The invention concerns a safety insert for storage vessels of low-boiling, liquified gases.
In storage vessels for low-boiling gases which have a necklike opening for filling and extraction, helium tanks for, example, there is a danger, as a result of air penetration, that water vapor, carbon dioxide or air will freeze out in the vessel neck and clog the neck. Since the low-boiling, liquified gas vaporizes further in the vessel, great pressure builds up in the vessel which finally destroys the vessel through an explosion.

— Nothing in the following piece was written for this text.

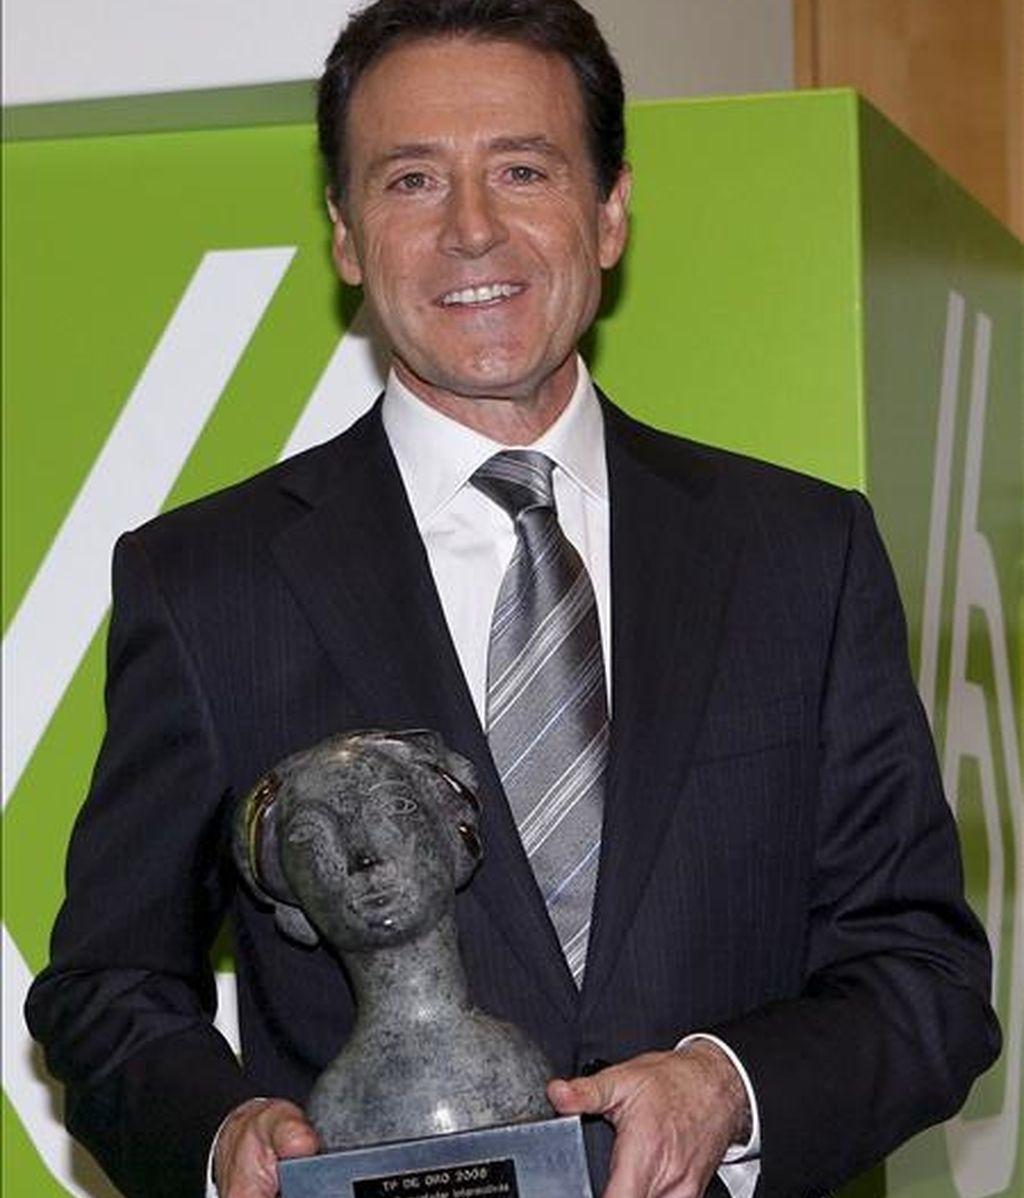 """Matías Prats, locutor de Antena 3, ha recibido el TP de Oro al """"Mejor presentador de Informativos"""" durante la gala de los TP de Oro 2008, celebrada esta noche en Madrid. EFE"""

Safety inserts are used to preclude this danger. Such a safety insert consists of a safety neck tube placed in the neck of the vessel, which forms an annular space with the vessel neck. The safety neck tube is sealed from the exterior and has take-up devices for a siphon for the filling and extraction of the liquified gas, as well as connections for a safety valve and optional additional apparatuses. The vent pipe for extracting the liquified gas is mounted onto the vessel neck. This vent pipe represents a junction of the annular space in the vessel neck with the exterior. During normal operation, the vaporized gas flows outward through this pipe. When excess pressure builds up in the neck, for example, as a result of non-extraction of vaporized gas over a longer period of time, vaporized gas flows away through the safety neck tube and the safety valve. During normal operation, therefore, there is a gas column in the safety neck tube and a flowing gas quantity in the annular space. The latter is very desirable for an intense, so-called neck gas cooling. For this reason, the annular space is made narrow to maintain as great a flow velocity as possible.
The gas column in the safety neck tube is disadvantageous, however. Namely, a noticeable heat transfer to the liquid by gas-heat conduction results through the stationary gas column.